#### [WHAT YOU HAVE TO DO]
Pictures stay out of the copy, which must hold exactly the lines from the one containing "Cesare Lacca Tripod" through the end of the material below.

#### [INFORMATION SUPPLIED]
============

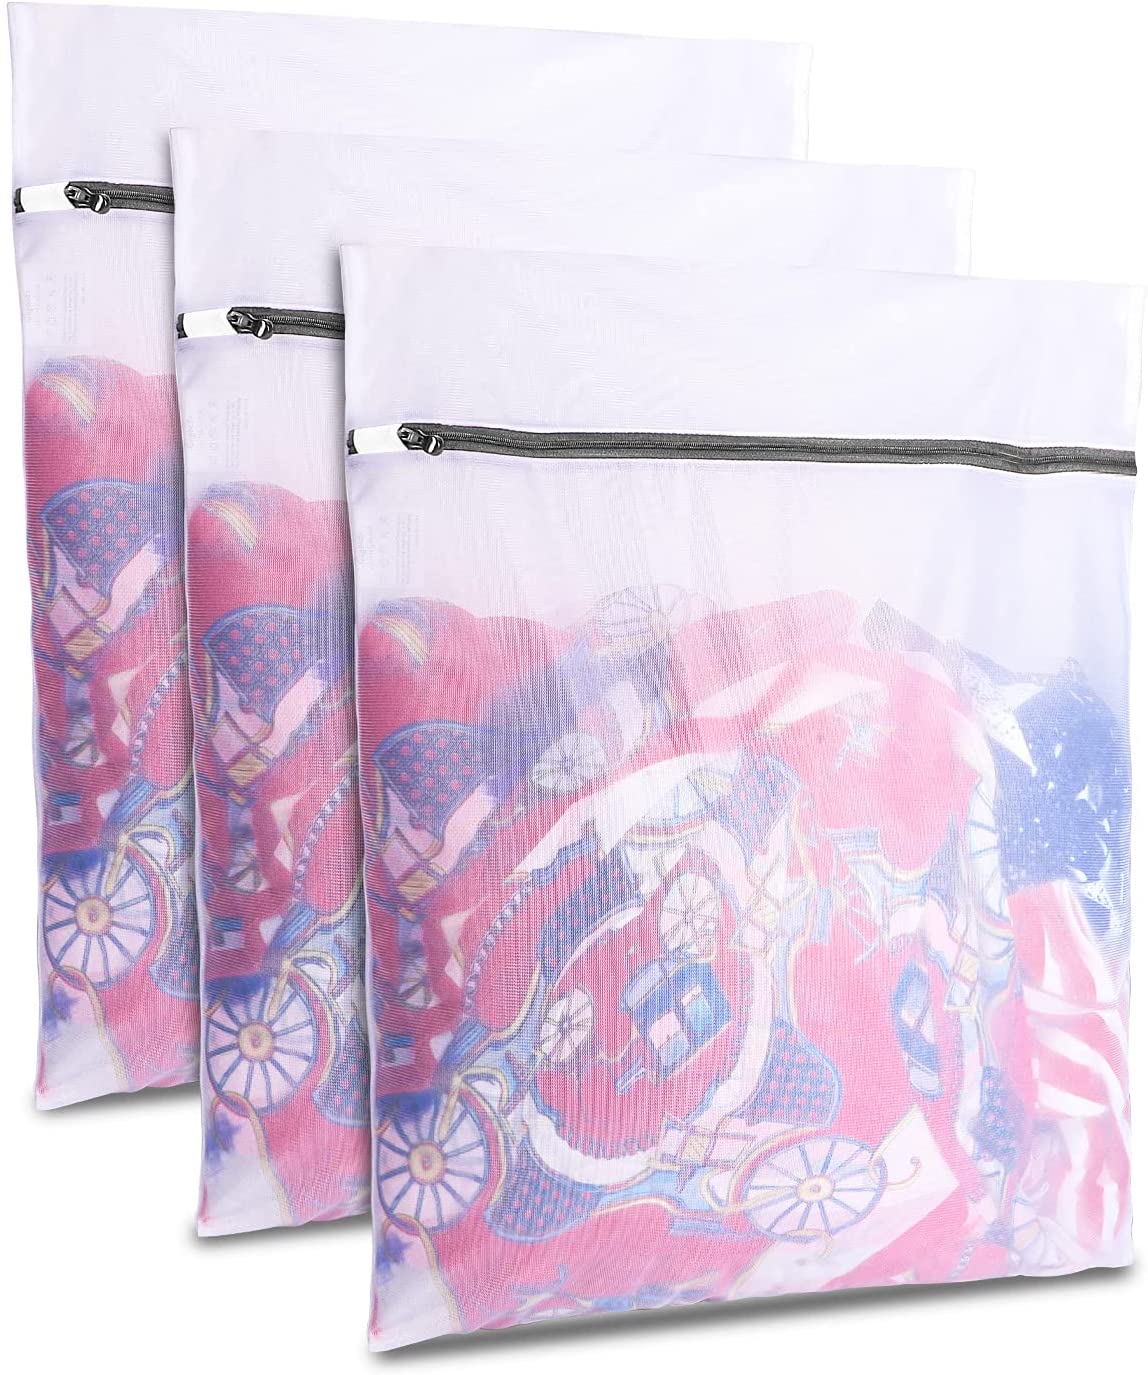 Gogooda 7Pcs Mesh Laundry Bags for Delicates with Premium Zipper Travel Stor... 
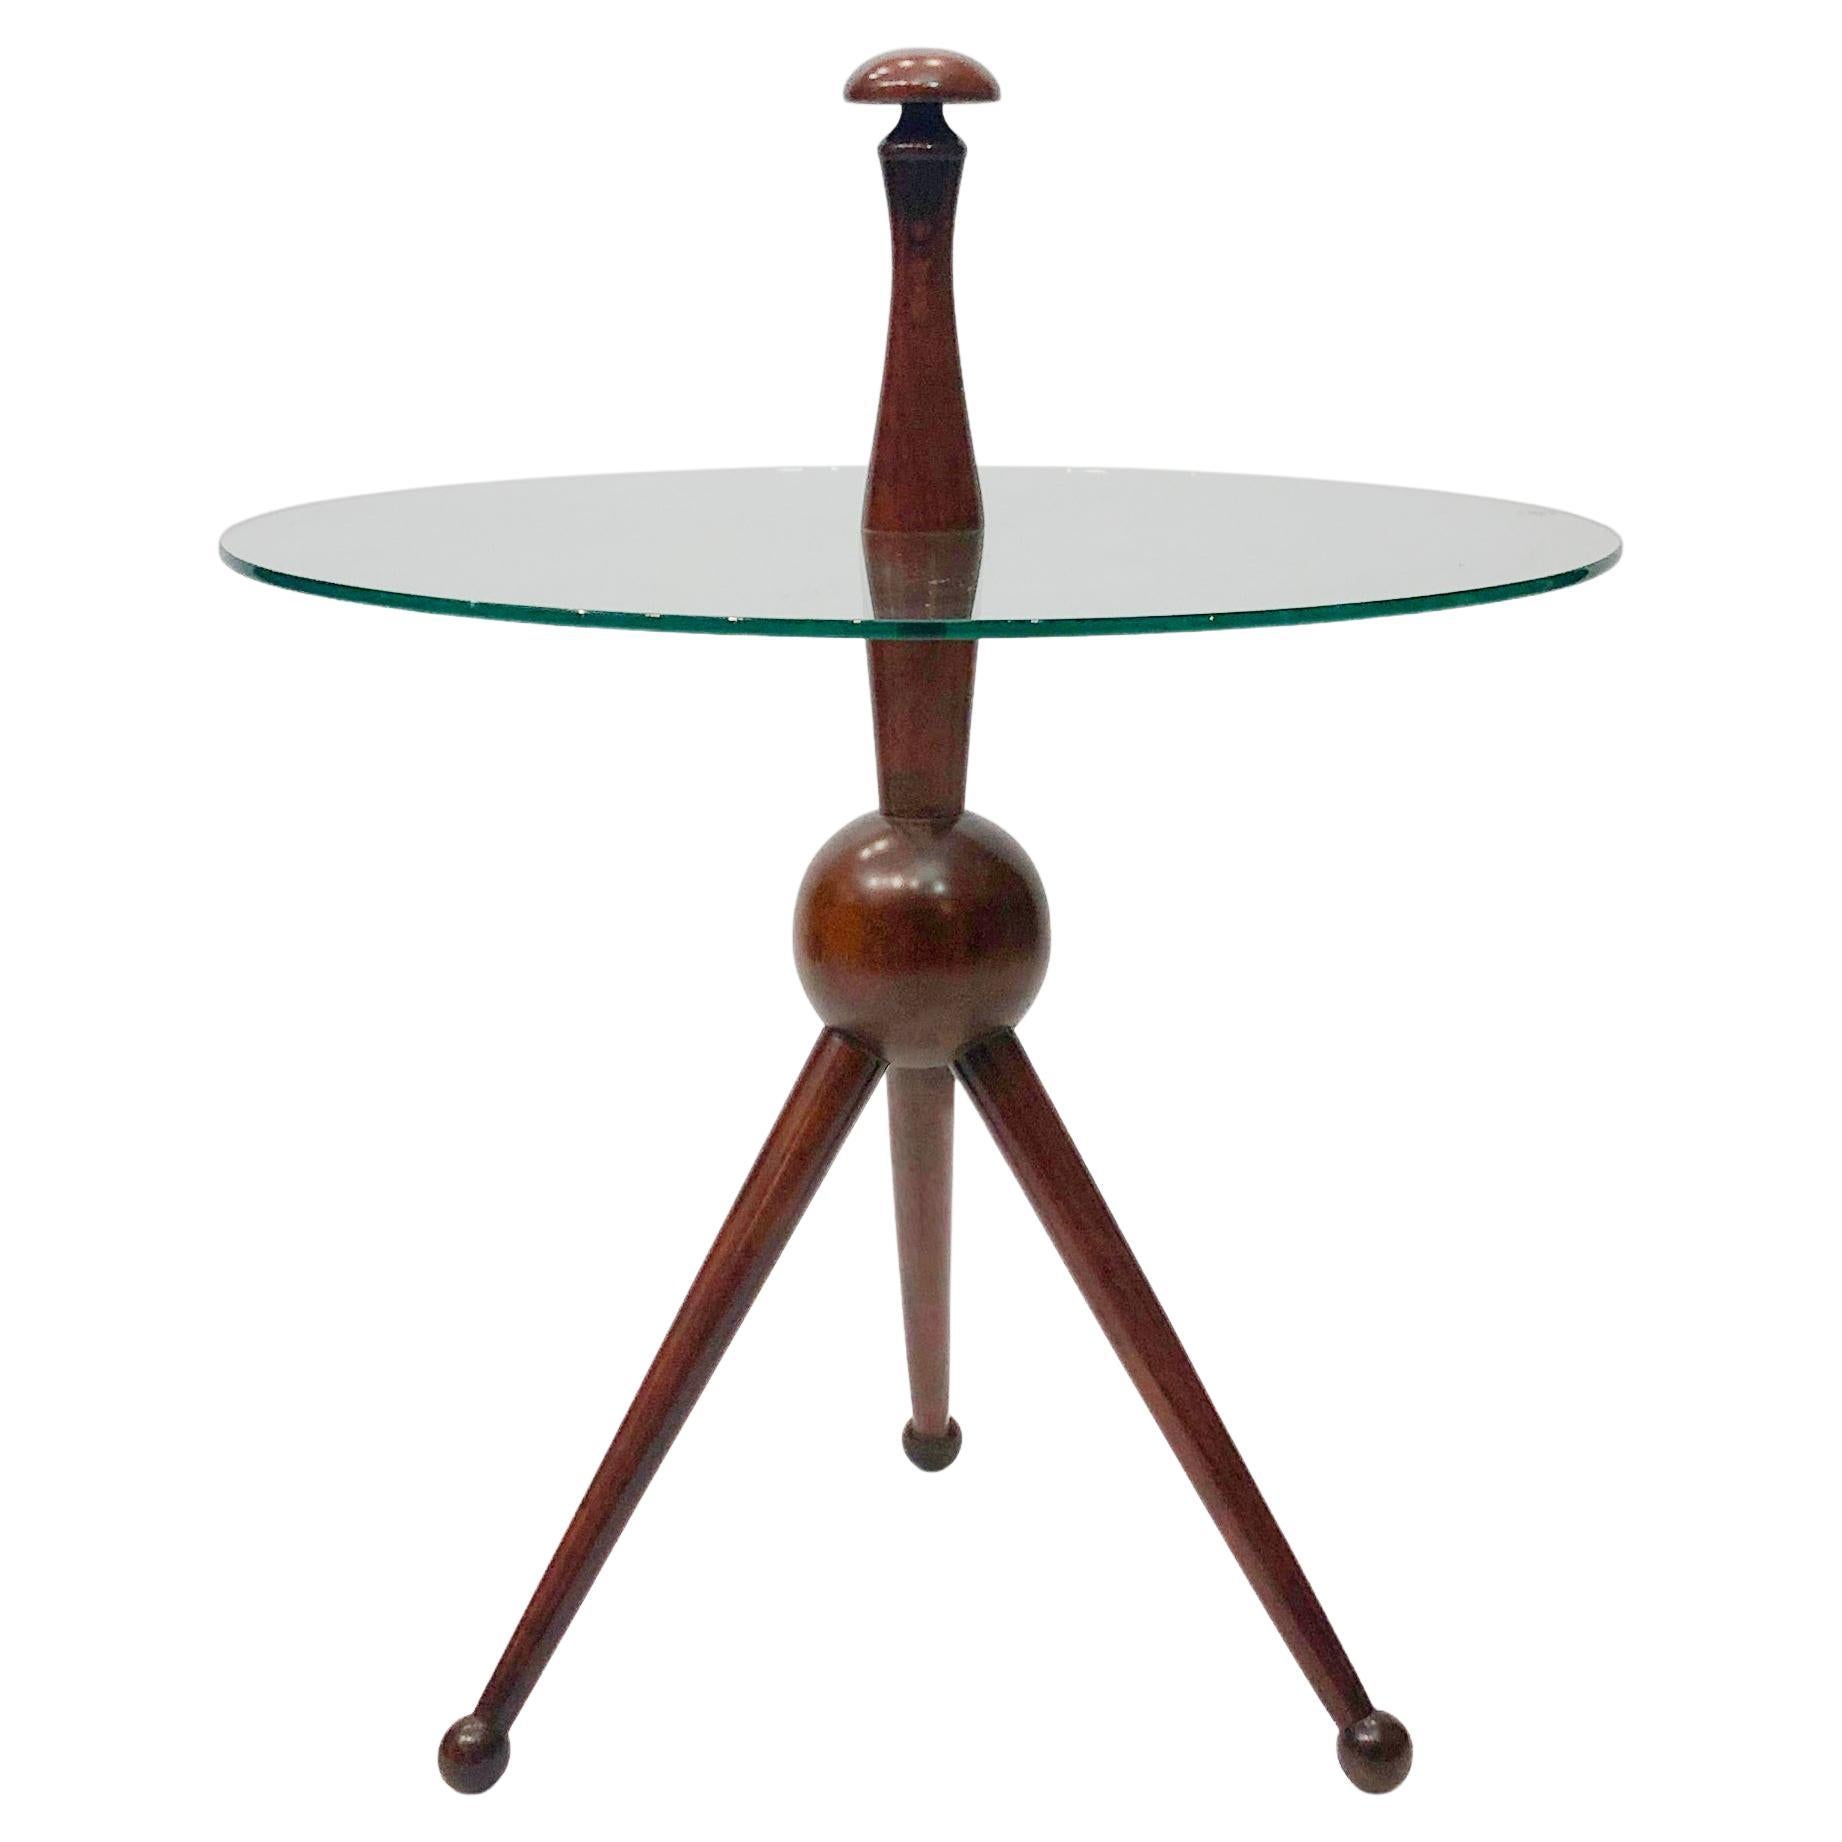 Cesare Lacca Tripod Side Table #1 1950s Midcentury Italian Vintage Wood Glass
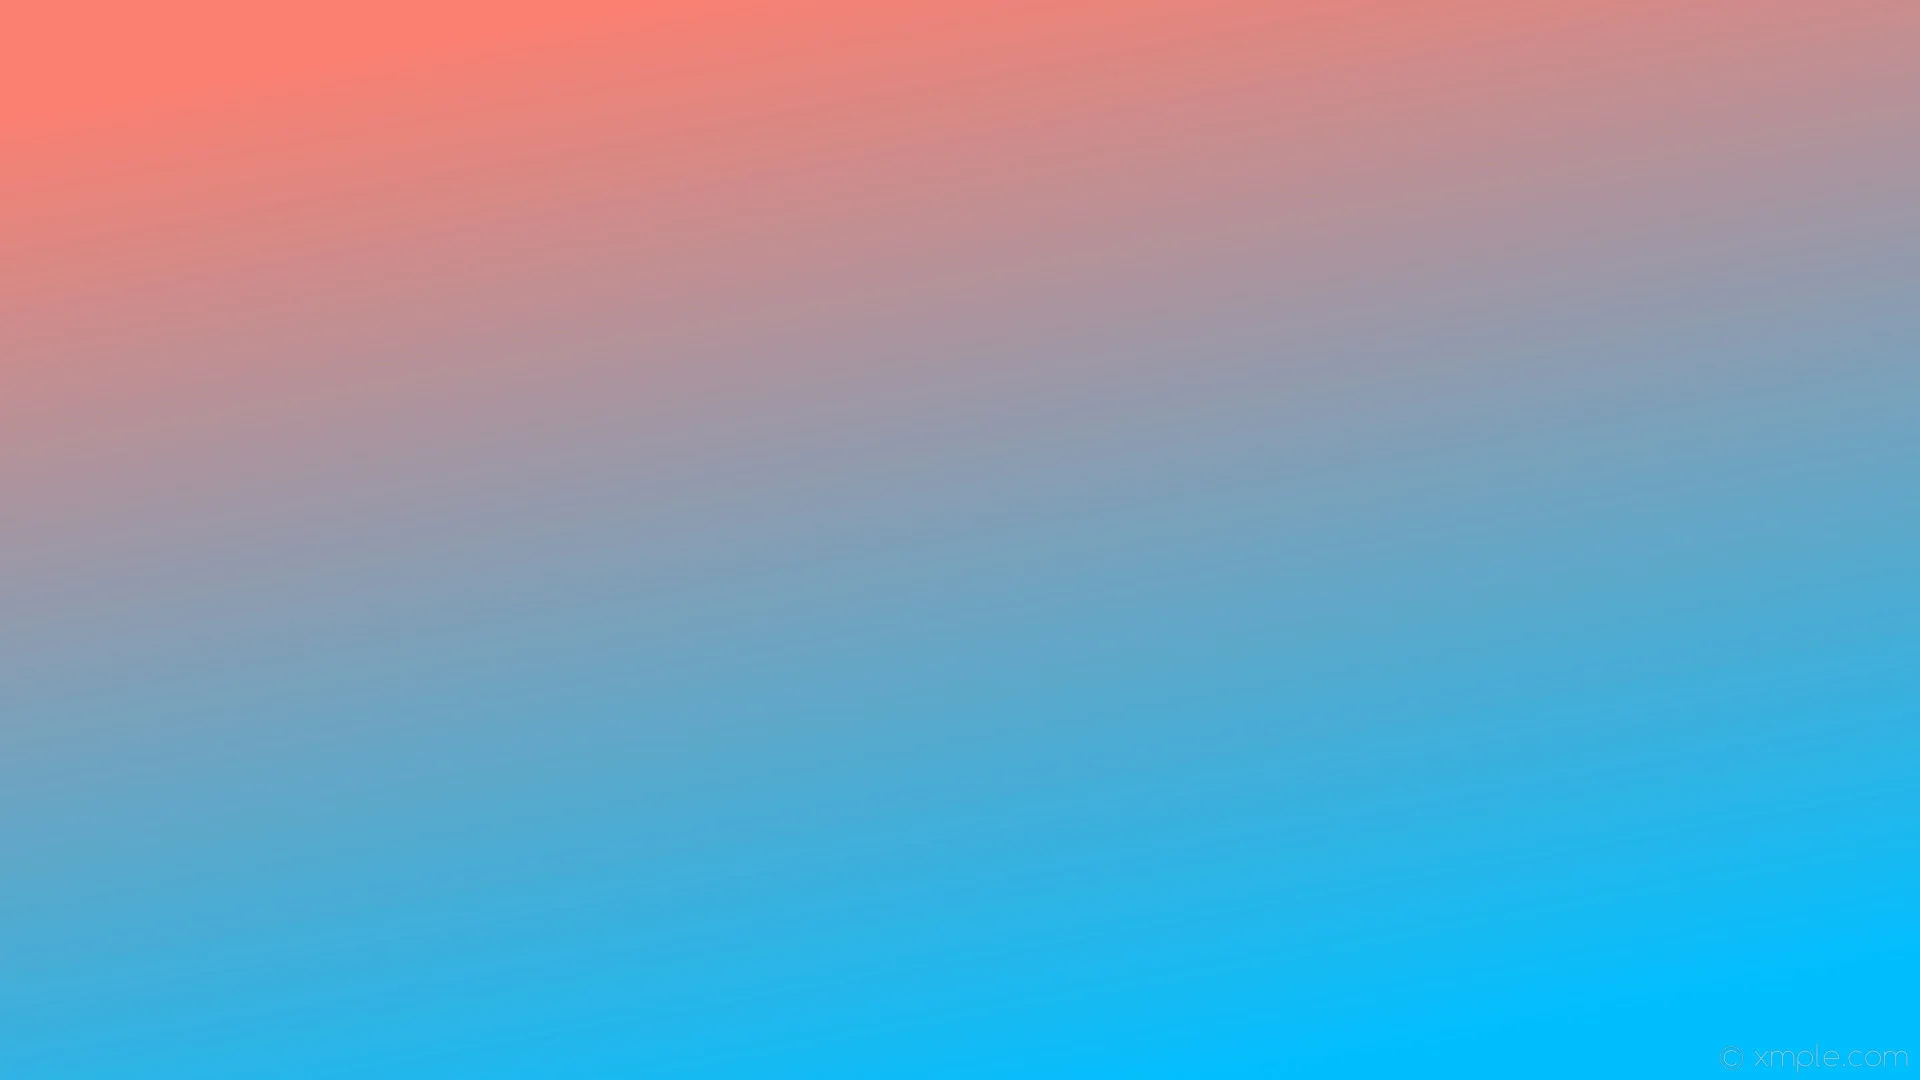 Wallpaper red linear blue gradient salmon deep sky blue #fa8072 bfff 120

============

#### [ANSWER FOR THIS EXERCISE]
 Cesare Lacca Tripod Side Table #1 1950s Midcentury Italian Vintage Wood Glass
 Wallpaper red linear blue gradient salmon deep sky blue #fa8072 bfff 120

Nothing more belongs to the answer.